It was three weeks ago. There was a party on the beach near the marina in Alcudia. An end of summer party. Goodbye, summer, here's to the next time.
Fifteen years ago or more. It must be that long. I wrote an article wondering why there wasn't some massive great party for the end of the season. A party at Halloween before the long days of the winter dead, a party for those who worked in the tourism sector. They would be departing. The waiters, the chefs, the entertainers, the reps and others. And now, towards the end of October, there was such a party.
It was strange though. The season hadn't ended for some but had for others. The latter had probably already gone. But then that's how the season is. Still often defined by six months of contracts, with variable start and end points. It's not as though all the shutters come down at Halloween midnight, even if this might be the impression.
Strange also in some respects from years ago. For example, the reps are nowadays less likely to wish to rave on a beach. Their profile is older. They live in Mallorca. At least for that part of the tourism industry handling the British, Brexit has brought about a change. And it's not as if they all necessarily anticipate a non-working several-month hiatus. Seasonality isn't as sharply determined as it once was and nor is this seasonality now so determined by the resorts.
But it continues to be the case for many. You see car boots being loaded. Apartments that had been found are vacated. These are the signs of the wandering workers. Not just those who call it a temporary day at the end of the season and depart.
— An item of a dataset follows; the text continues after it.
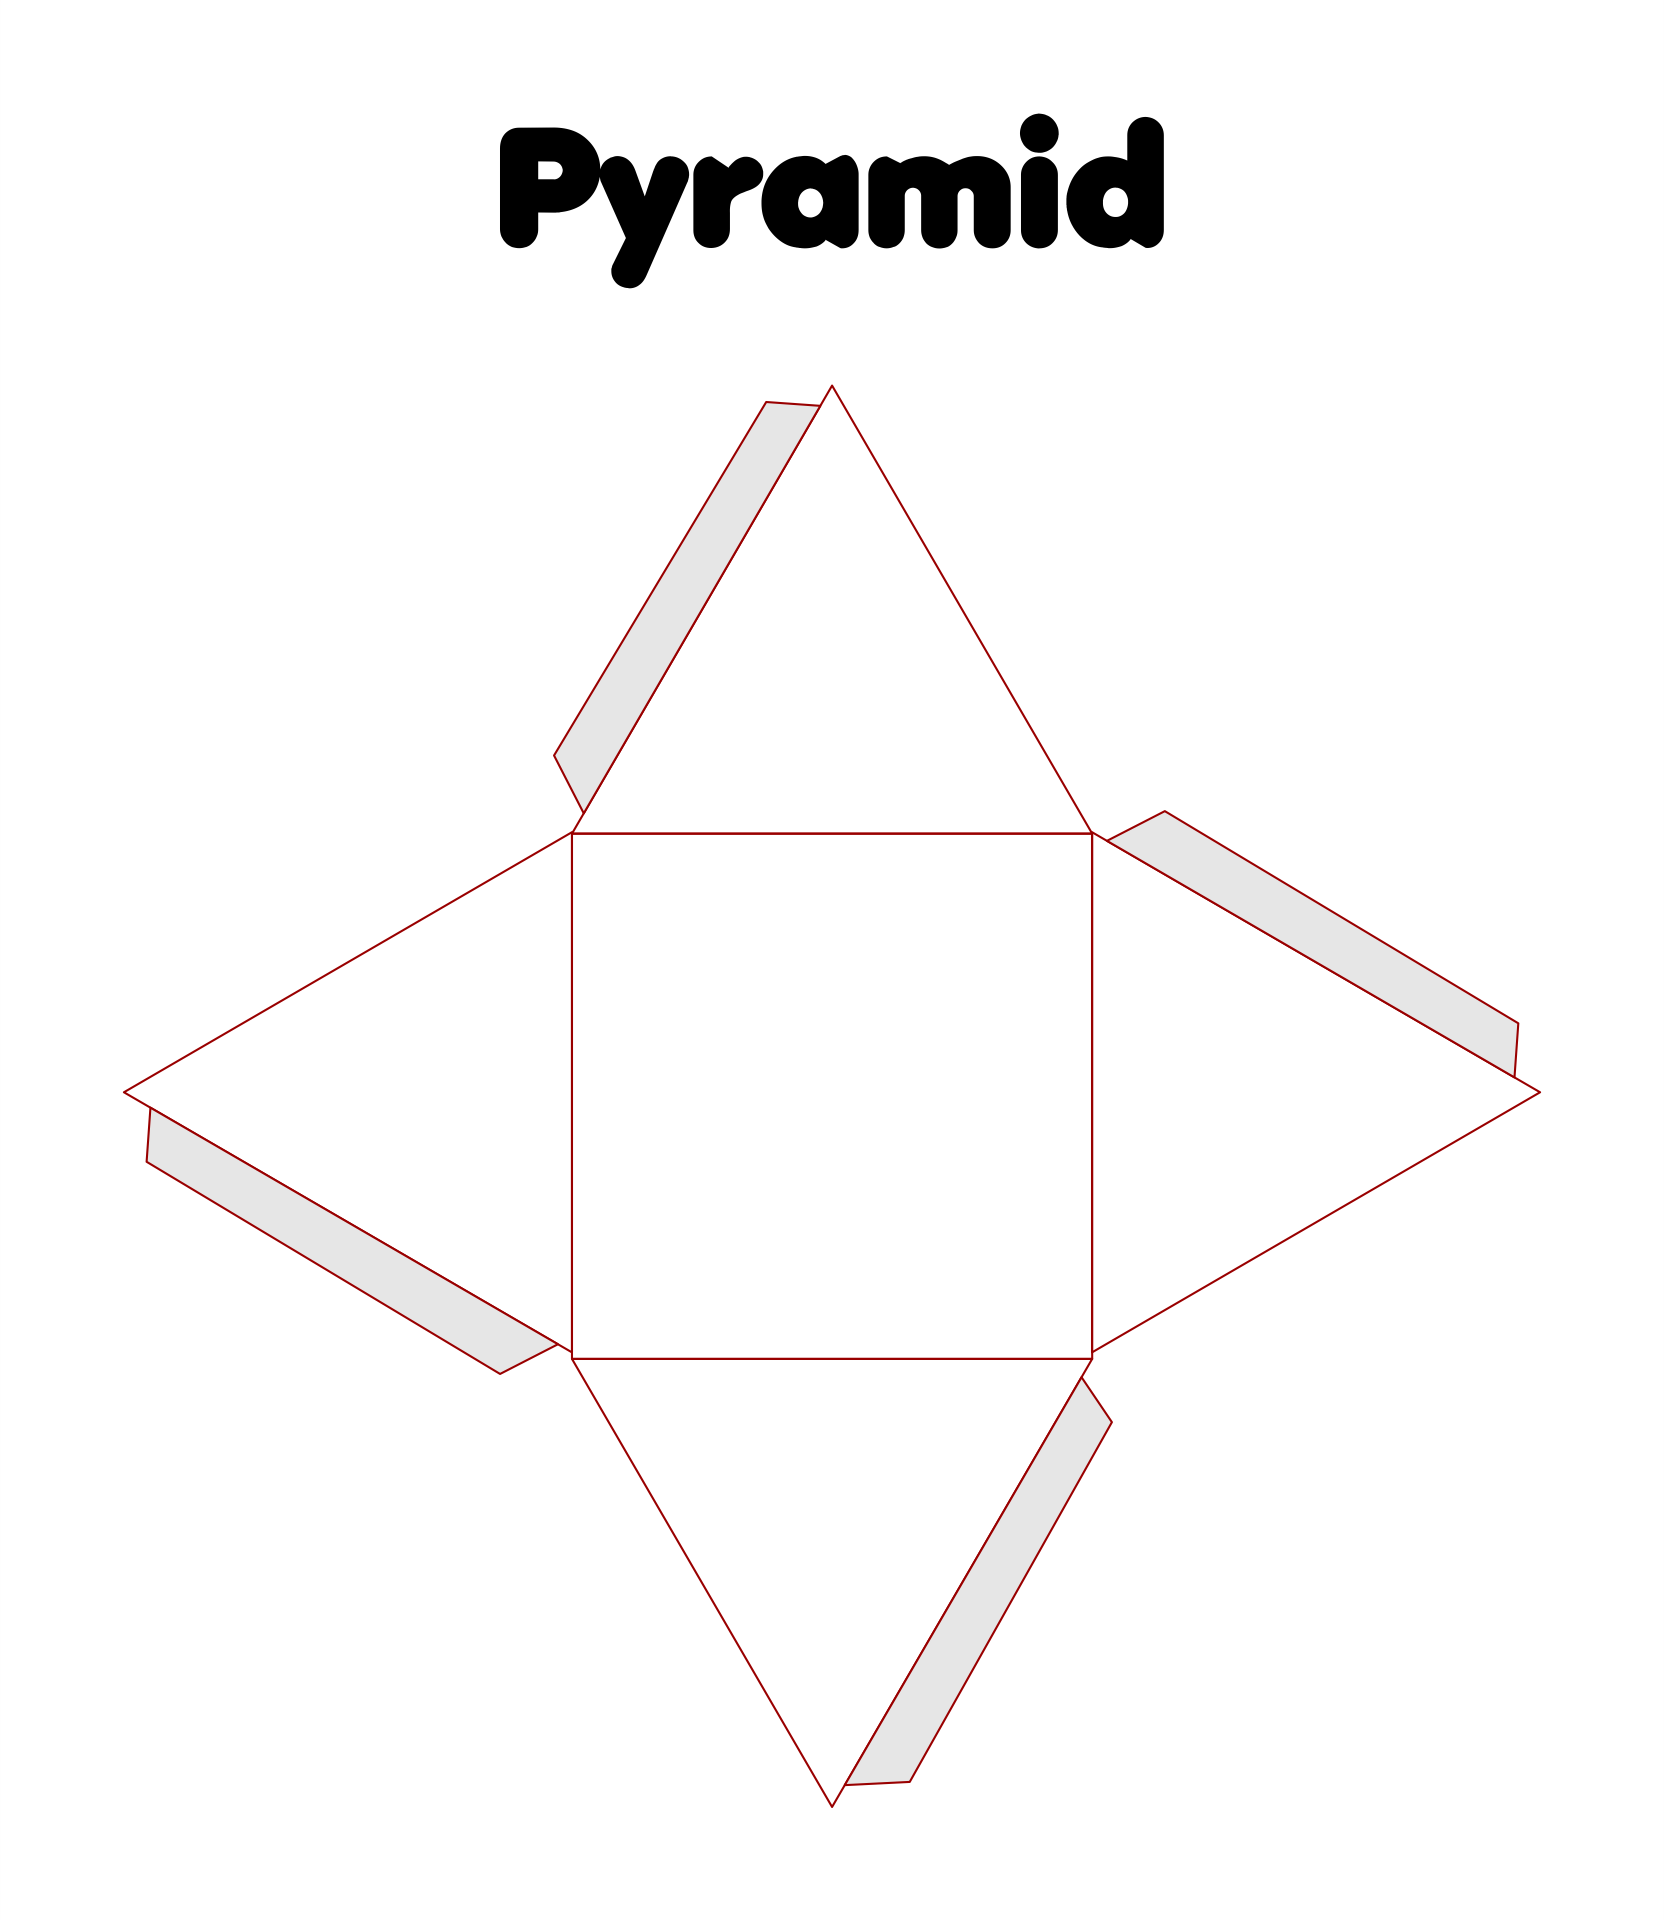 Pyramid Template Printable
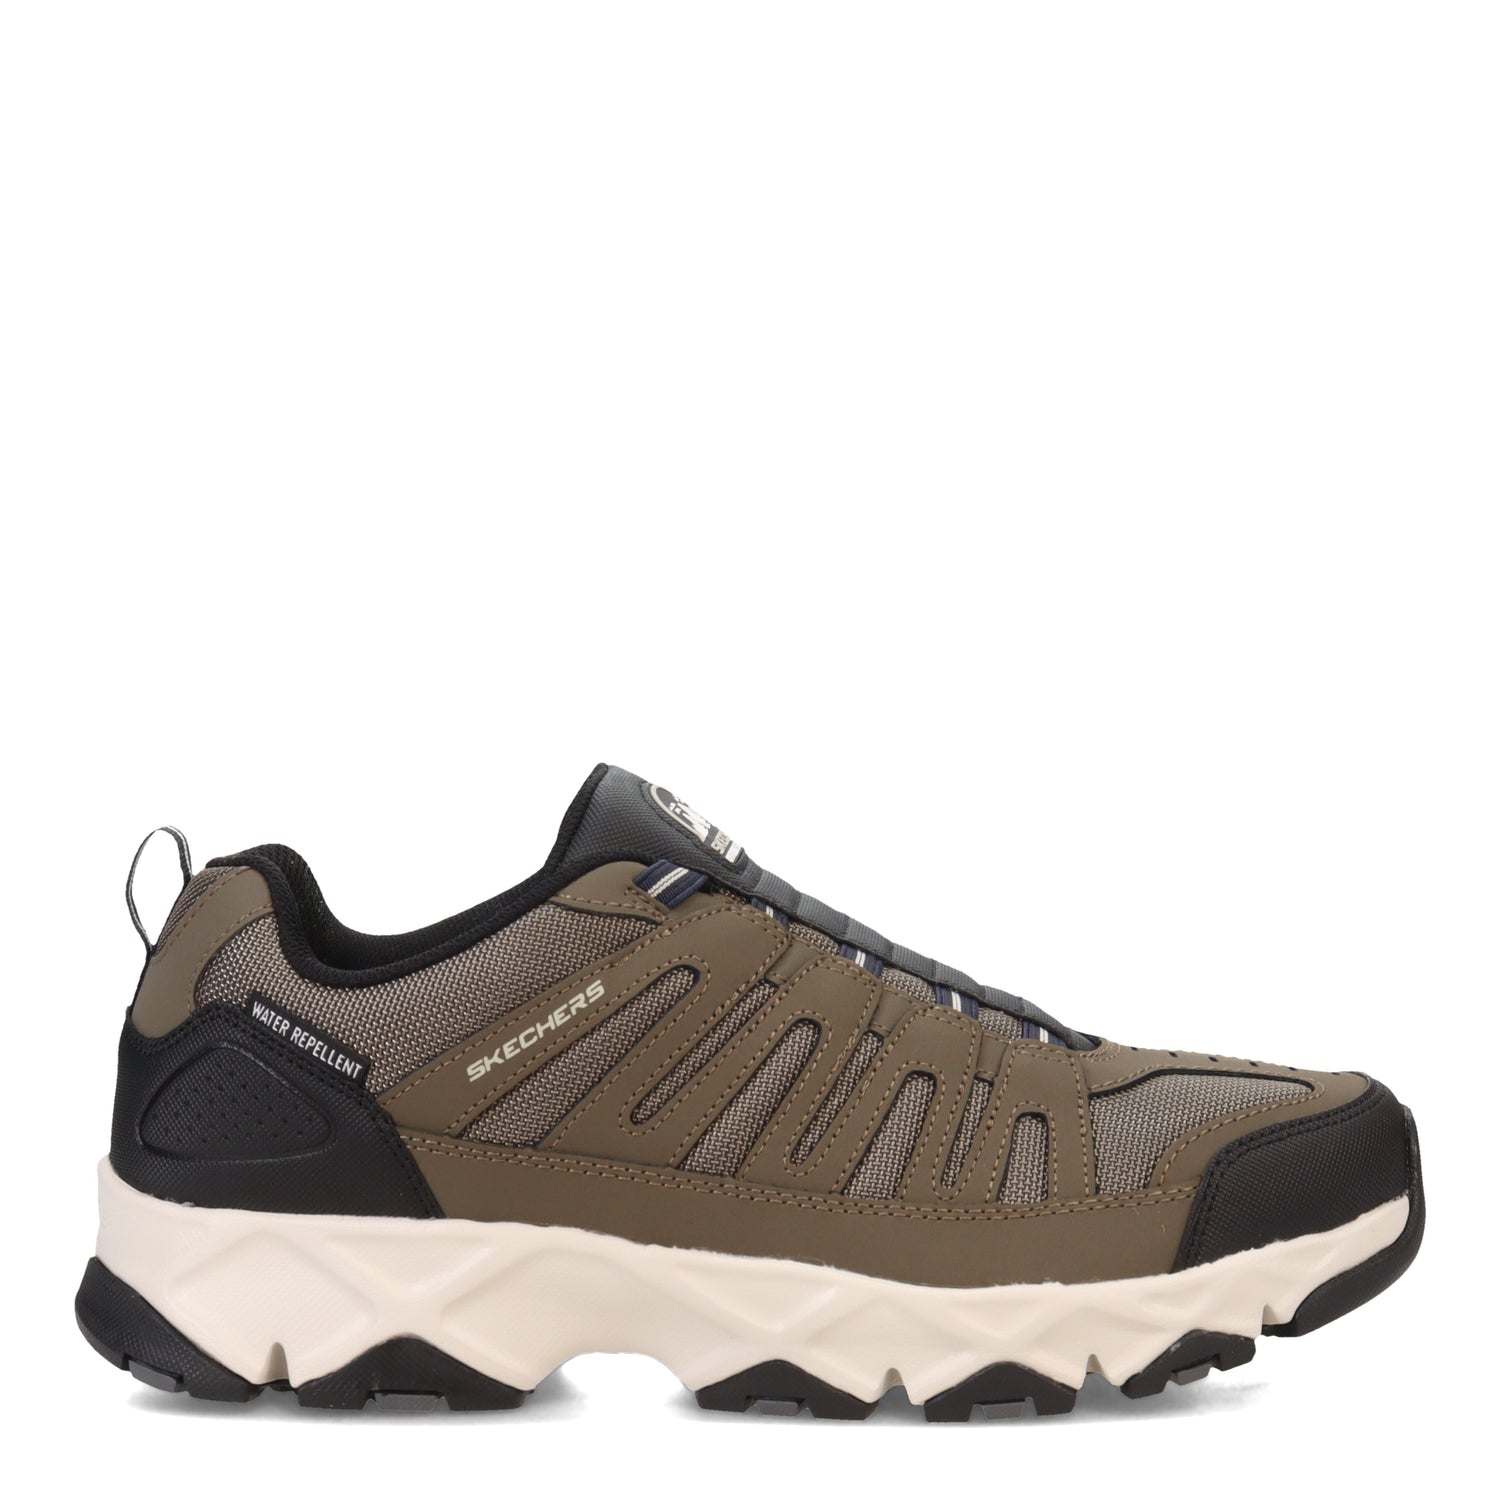 Peltz Shoes  Men's Skechers Relaxed Fit: Crossbar - Cedar Hiking Shoe - Wide Width Brown 237345WW-BRN

There are also those who move on to another season. In the Canaries, for instance, the high season is on the point of getting under way.
It's a very odd month, November. They talk of seasonal affective disorder, but this isn't it. An adjustment is required. All of a sudden there is a degree of silence. Living in the heart of a resort, you notice it most acutely. For months there is at minimum a constant hum; more than just a hum. Then it goes. Just like that. Attuned to this abrupt alteration, it's perhaps why I found the pandemic less than alarming. It was like a prolonged November.
In truth, it's that you become accustomed to the rhythms of Mallorca's seasons that are the beats of tourism. These rhythms produce wishes for it (the season) to end. There are those who get sick of it. God, I can't wait till November. Not just residents, but workers and business owners as well. It's true that Mallorca, some of Mallorca that is, has an imbalanced economy of months on and months off. It can seem weird that people head off to claim their benefits and that this is how the economy operates. Perhaps. But how hard have these people worked? Ask yourselves that question.
Hard work? Pfff! They should try being health workers (as an example). Fair point, but cut them some slack. On their feet for hours on end, day after day, serving on tables in the summer heat. Labouring in kitchens in that heat. Making sure you keep smiling from the show stages at the regularly changing faces of audiences, for whom you are new, even if the routines have now become monotonous. Dealing with the stream of holidaymakers with questions, some of which are plain dumb, and with complaints, some of which are plain spurious.
Tackling seasonality. It's not as if everyone welcomes this. Typical, perhaps, was a comment regarding longer seasons from someone in the villas' business. The season is hard enough as it is without it being extended; words to that effect. I know those who count the days in anticipation of when they can close. That's how it is, though I guess I'm intrigued to know what they think in the Canaries. Those islands may not be as busy as the Balearics in summer, but it's not as if they are quiet either. There is all-year working, no question about that.
A party to mark the end of the season. To thank all those in hospitality, etc. for their efforts. A nice gesture, but at the same time rather sad. Ah, is this me being afflicted with seasonal affective disorder? No, it's just sad that the rhythms of the season make it so and have made it so for many a 'summer' season. There again, there are the other signs. Literally, and they contribute to that sense of winter ghost town. The signs being covered up even as the last holidaymaking stragglers bravely head for the beach and the chill breezes of autumn. Closed down. Glass facades papered over. Shutters not just down but in some cases welded down to prevent any possible break-in or occupation.
November. Adjustment. And then November passes into December and January. It's all very pleasant. Mallorca has been reclaimed, lives have been reclaimed. How many are counting the days until it returns?